第64節・川沿いの退路
これは誰かの夢だ。
これは”私”の夢だ。
”私”は丘の上から燃え盛る村を見下ろしていた。
つい先日まで長閑であった村はあっと言う間に地獄と化し、人々の悲鳴が聞こえてくる。
この地獄を作り上げたのは━━”私”だ。
「ジーク、あまり見ないほうが良い。呑まれるぞ」
背後から声を掛けられ、振り返れば短いブロンドヘアーにエメラルドグリーンの瞳を持つ騎士が立っていた。
「オスロックか……。俺たちは正しいことをしているのだろうか?」
オスロックと呼ばれた騎士は”私”の横に立つと首を横に振る。
「分からない。何が正しいのか、正しくないのか。私もここ最近ずっと考えてきた」
オスロック・シェードランはそう言うとため息を吐き「一つだけ確かなことがある」と呟く。
「始めてしまった以上、私たちは歩みを止めることは許されない。どのような犠牲を払ってでも帝国を滅ぼし、大切なものを守り切る。そうだろう? わが友、ジーク・アルヴィリア」
オスロックの言う通りだ。
たとえどのような結末が待っていたとしても”私”は歩み続けなければいけないのだ。
数年前に帝国兵によって村が襲われ、妹以外の家族は全て殺された。
その復讐の為に……大切な妹を守るためにひたすら剣を振るった。
そして気がついたら”英雄”に祭り上げられていた。
一人の男の復讐が反乱へと繋がり、そして今や大戦を引き起こした。
もう後には退けないのだ。
「ジーク! オスロック! ここに居ましたか。済みません……私がついておきながらこのようなことに」
そう言いながらやってきたのはローブを身に纏った細身の男性だ。
茶色い長い髪を後ろで結った男は申し訳なさそうに頭を下げると”私”たちと共に並ぶ。
「まさかダスニアたちがこのような凶行に走るとは。彼とメフィルは帝国に対する憎悪が強すぎます。このような虐殺を繰り返せば我らの大義が失われる」
つい先日、この村の近くで帝国との大規模な戦いがあった。
その戦いには皇帝の弟も参加しており、反乱軍に敗北した彼はこの村に逃げ込んだという情報を得た。
この村はゼダ人の村であり、彼らは当然皇帝の弟を匿った。
”私”は村人たちをどうにか説得し、皇帝の弟を引き渡してもらうようにするつもりだったのだが痺れを切らしたダズニアとメフィルが村を襲撃したのだ。

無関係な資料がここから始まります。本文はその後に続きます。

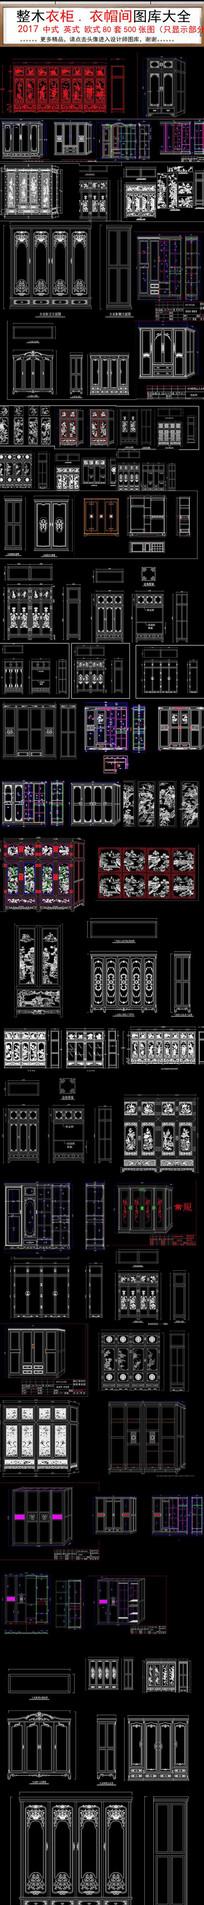 中式衣柜CAD图库

「セリス……全てが終わったらあの二人を拘束しろ。罪状は……」
「独断専行で、ですね。ただ今彼らを処断するのは不味い。命令無視による暫くの投獄になるかと」
「構わない」と頷くとセリス・オースエンは「兵の準備をします」と去っていく。
まさか味方を拘束しろなんていう指示を出す日が来るとは……。
ダスニアもメフィルもこんなことをする人間では無かったはずだ。
この戦争が彼らを狂気に染めたか……。
いや、彼らだけでは無い。
”私”も狂気に染まり始めているのかもしれない。
「オスロック。お前はこの戦争が終わったらどうしたい?」
「どうした急に? そうだな。私は……お前に着いて行くさ。お前は戦では鬼神の如く強いがどうにも心配になる。お前が新しき世を創る時、私のような男が支えてやらんとな」
「俺は皇帝になりたくはない……と言うのは許されないのだろうな」
オスロックは頷く。
随分と……随分と遠くに来てしまった。
妹を守りたい。
ただそれだけの男が気がつけばいろんなものを背負わされ、そしてついに新しき世まで背負うことになっている。

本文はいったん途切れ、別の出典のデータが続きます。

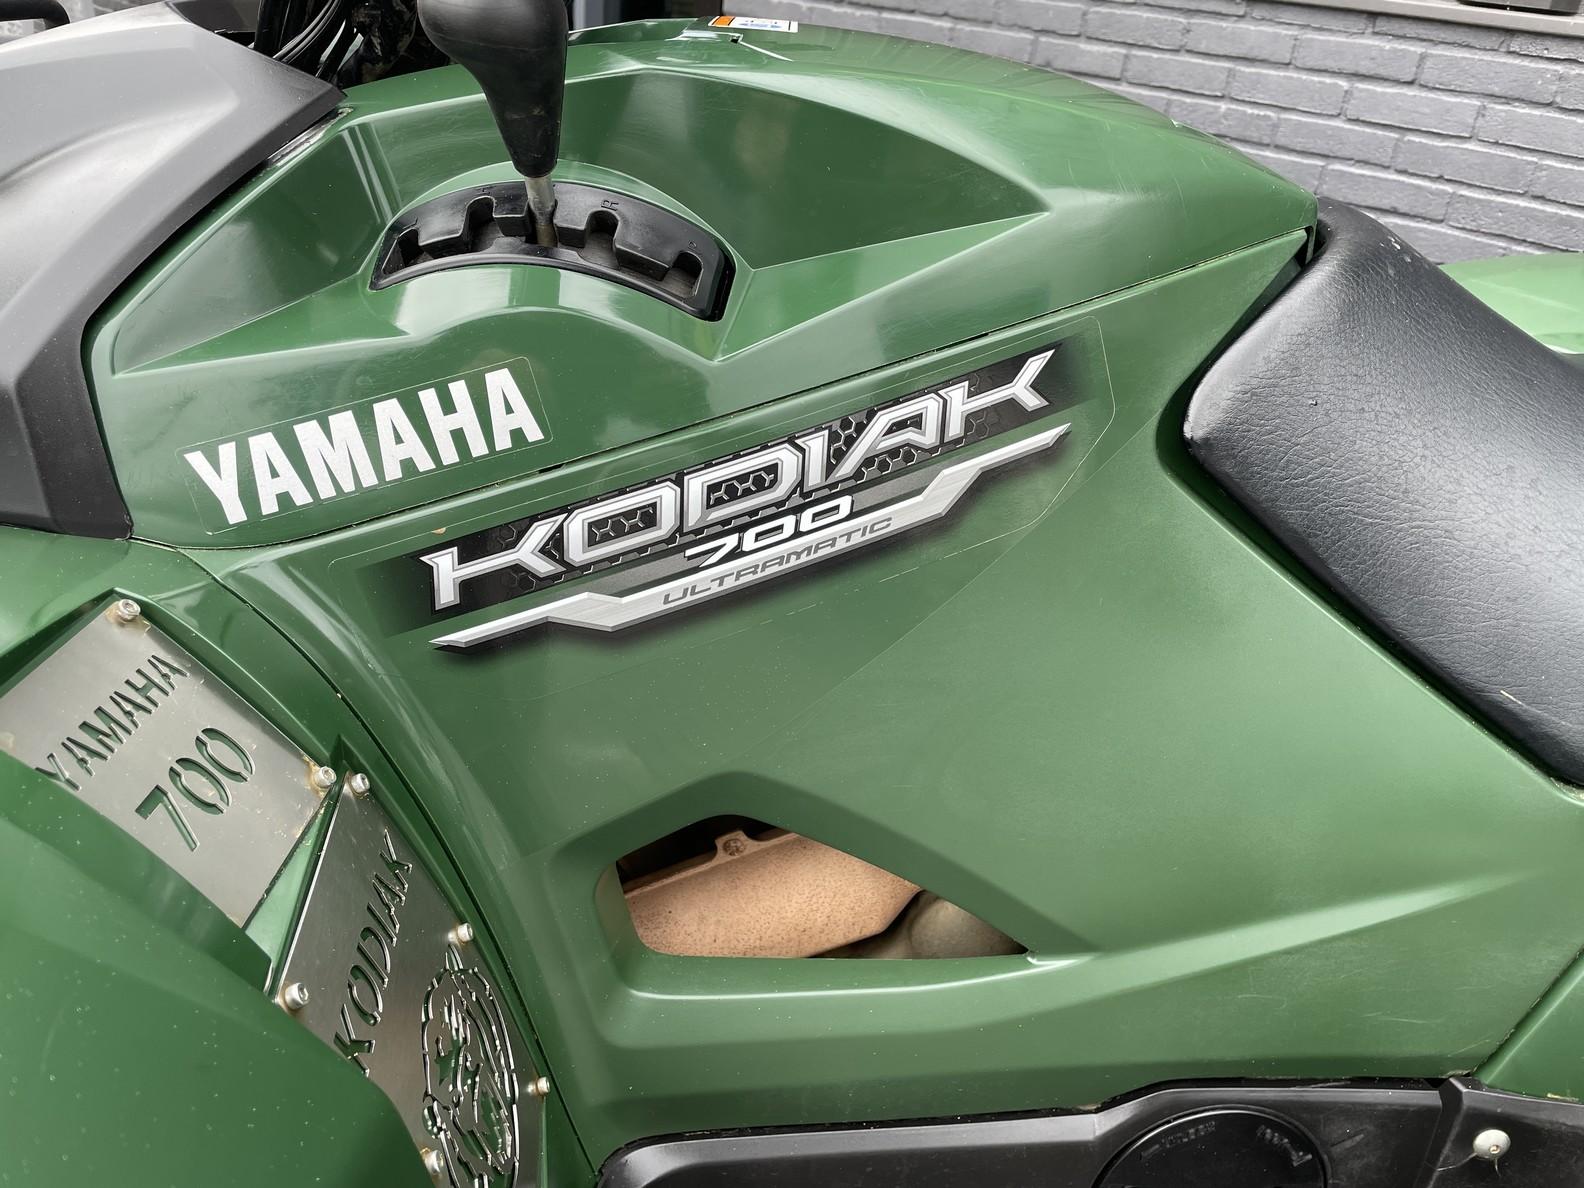 YAMAHA Kodiak 700 4x4

「では逆に質問しよう。ジーク、お前はこの戦争が終わったらどんな世を作りたい?」
「……そうだな。俺がもし本当に新しき世を創る時が来たならば、その時は━━━━」
※※※
何か、夢を見ていたような気がする。
それが何だったのかは思い出せないがとても古い、体験したことが無いのに懐かしい夢だったような気がする。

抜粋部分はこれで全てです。